ANGLES ARE RATIOS. Learn this, absorb this, and own this, folks. Angles are ratios, and, therefore, they are merely numbers without units or dimensions. Our common degrees and minutes are not units. They're just a peculiar counting system, akin to counting carrots only in dozens and gross (a gross is a "dozen dozen"). When we work in this ancient mesopotamian sexagesimal counting system of degrees and minutes, we sometimes find ourselves scratching our heads... "hey, what's minutes of arc times minutes of arc per second of time??" When you find yourself doing that, you are stuck in the trap. You're stuck in a trap that you should have gotten out of years ago. Angles ARE ratios. When you do calculus on trigonometric equations (e.g.), you should always think in terms of angles as pure ratios, and you should always read the equations that you see as equations in which the angles are pure numbers.
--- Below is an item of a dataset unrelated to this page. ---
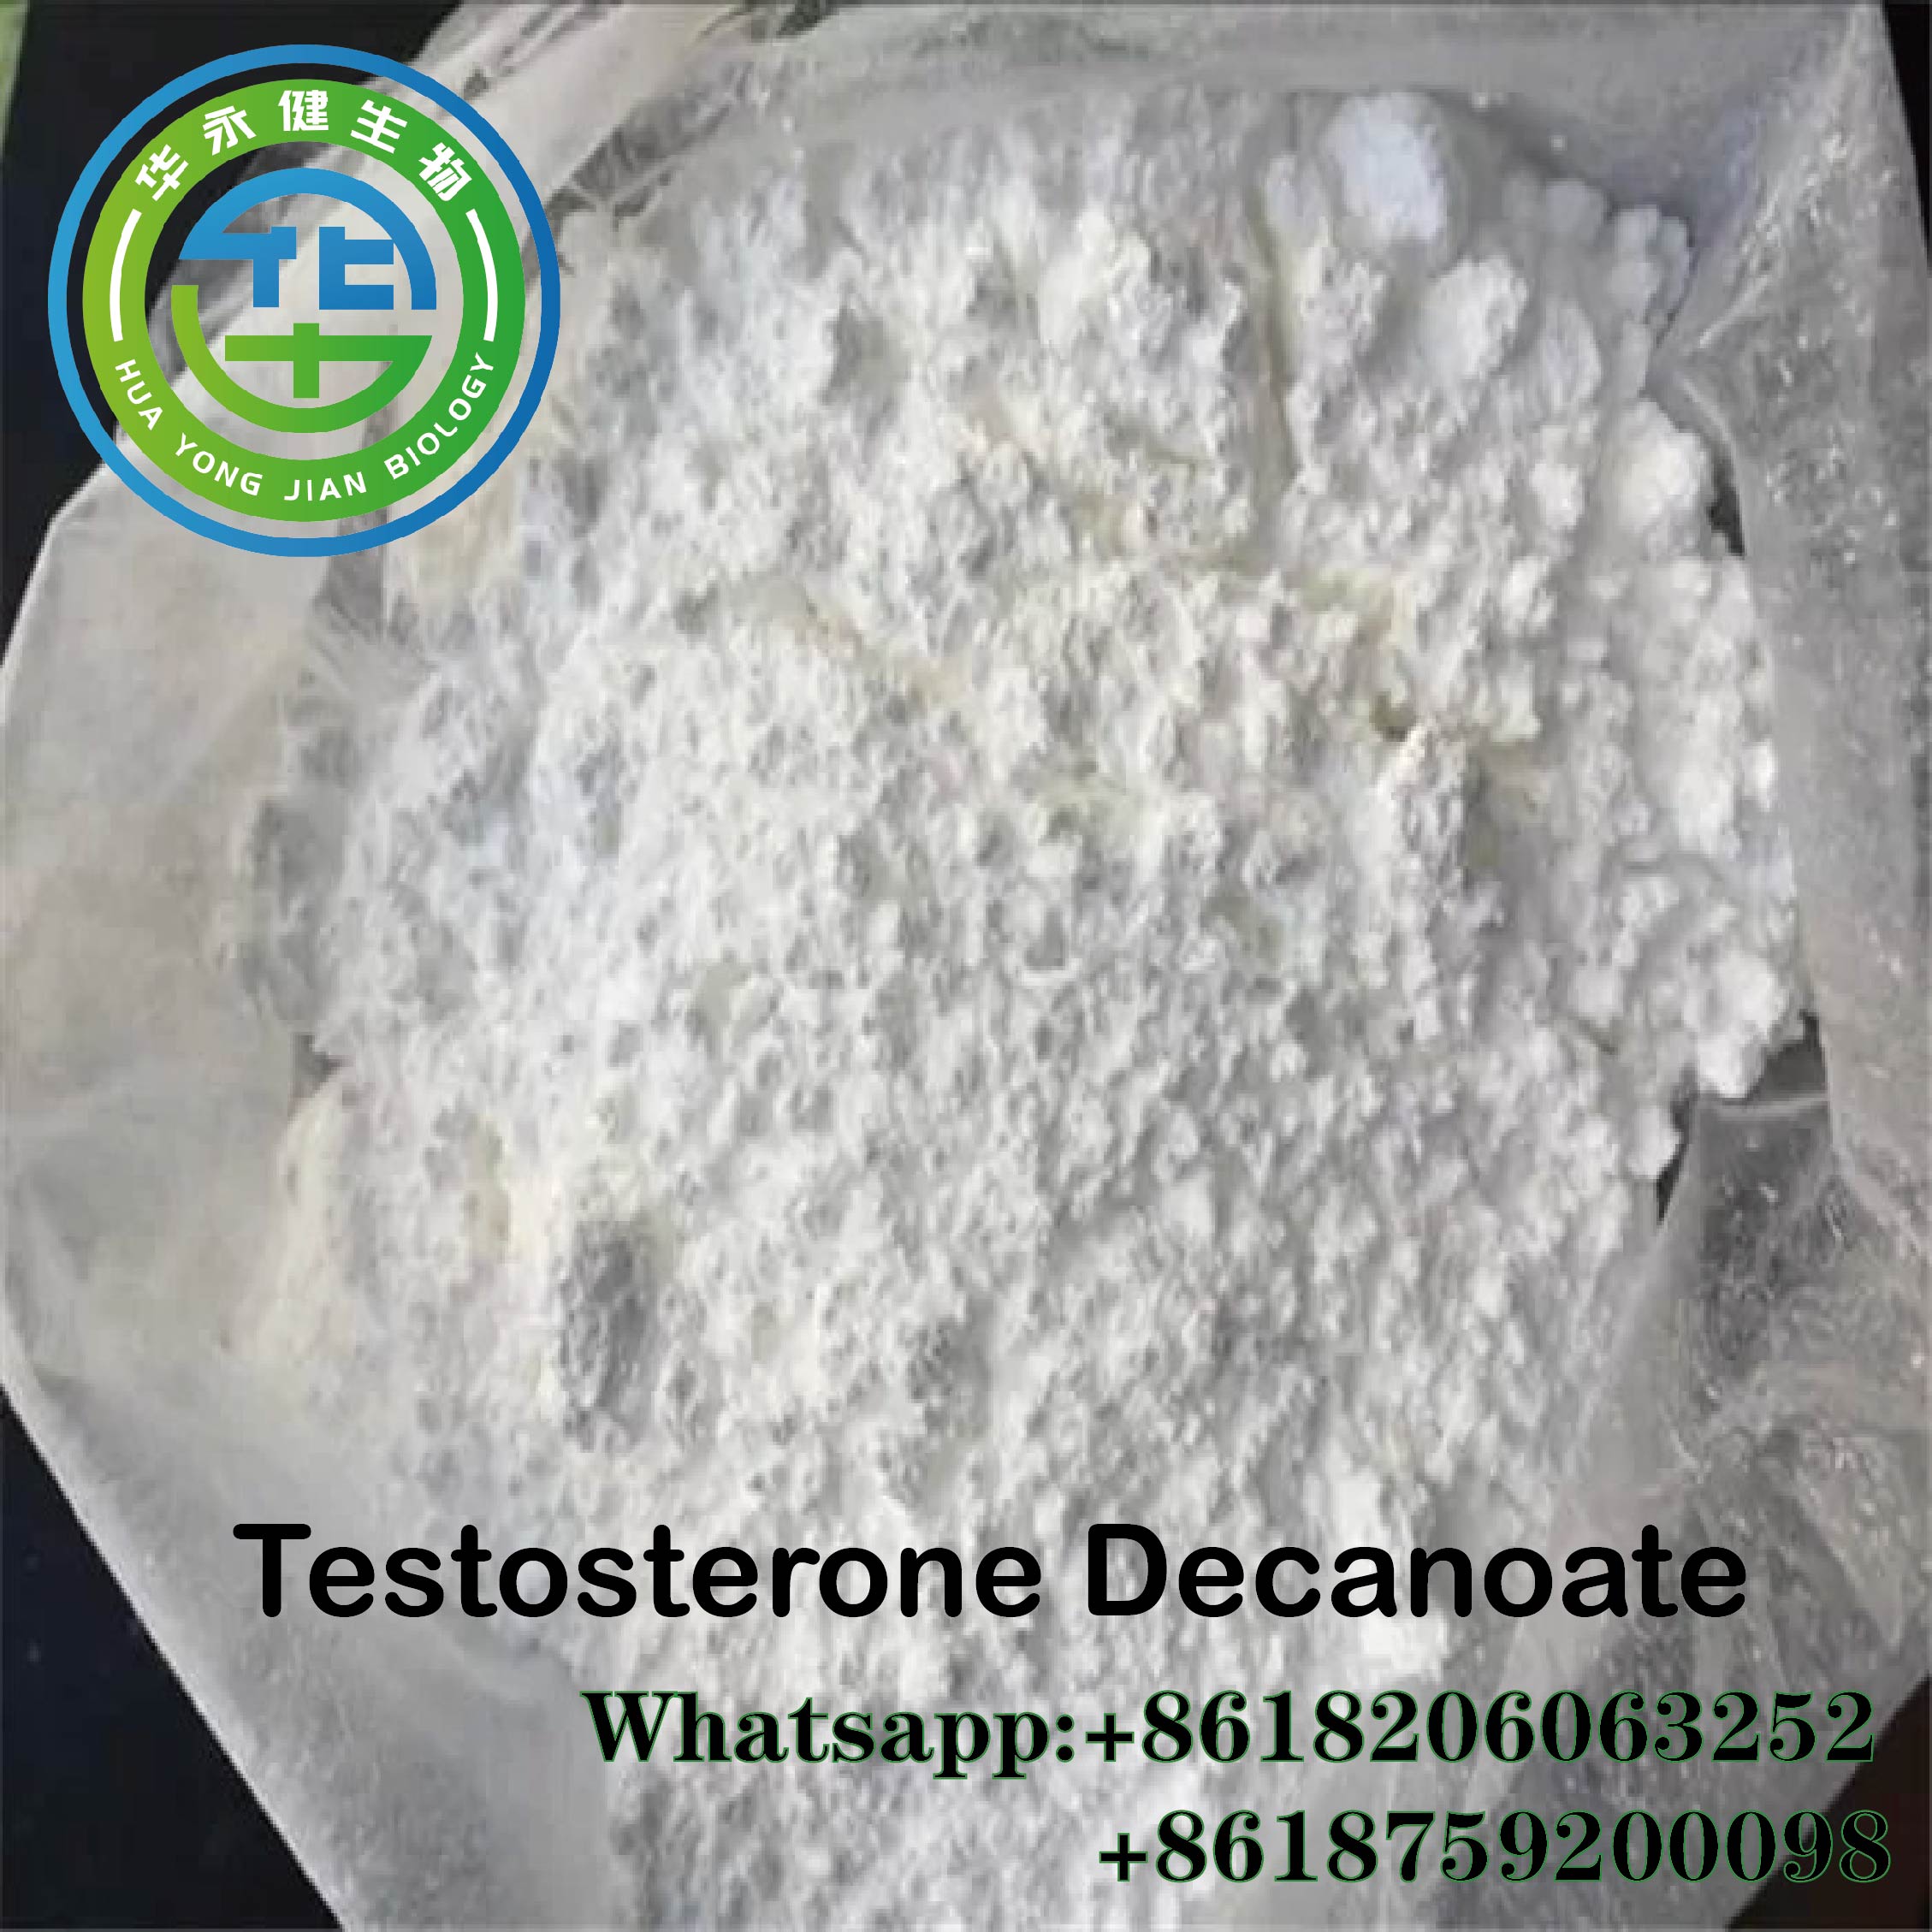 Testosterone Decanoate Powder Injection Liquid Semi - Finished Steroids Test Decanoate For Mass Gain CasNO.5721-91-5

And then, at the very end, if you need to do so for practical application, in the last step you convert to good old mesopotamian degrees, minutes, seconds, thirds, fourths, and so on (yes, they used to do this, but luckily thirds and the rest were almost completely replaced by milli-arcseconds and micro-arcseconds).
More likely than not, some of this is vaguely familiar to many of you, because you learned this concept of "angles as pure numbers" through the terrible, infantile, engineer's trick of calling these "angles in radians". It's a "conversion" which was also one of the very first clever features added to calculators in the 1970s. Well, folks, it's time to throw away those toys. Angles are not given "in" radians. Radians are not anything at all except a name to tag on the end to avoid confusing readers without basic math insights. ANGLES ARE RATIOS. Angles are pure numbers.
Just in case you're saying to yourself, "Ratios? OK, but a ratio of what to what?", just go back to the simplest relationship that you know about an angle since that relationship --a ratio-- is, in fact, a definition. An angle is a ratio of the size or distance "across" the line of sight to some object or construct to the distance "out" to the object or construct, with the important geometric detail that the distance "across" is measured along a circular arc centered at the point where the angle is defined. Angle is "size divided by distance". In succinct terms: θ = s/r. That relationship doesn't "calculate" the angle theta; it defines its meaning. Every angle is a ratio -- just a number. It has no units, no dimensions.
I should clarify that I am not saying we should throw out the baby with bathwater. Dealing with angles only and always as pure ratios without any aspect of sexagesimal counting is un-necessary, pointless, and impractical. But we can get rid of a lot of it. For example, in my "Modern Celestial Navigation" classes as now taught, we get rid of everything but degrees as soon as we take the raw observation off the sextant. It's immediately converted to decimal degrees and all corrections, all ephemeris data, all calculations are done in decimals --no minutes, no tenths of minutes, no seconds. And that's a lot easier for everyone. I agree with the late Hanno Ix that we should have converted to decimal degrees decades ago.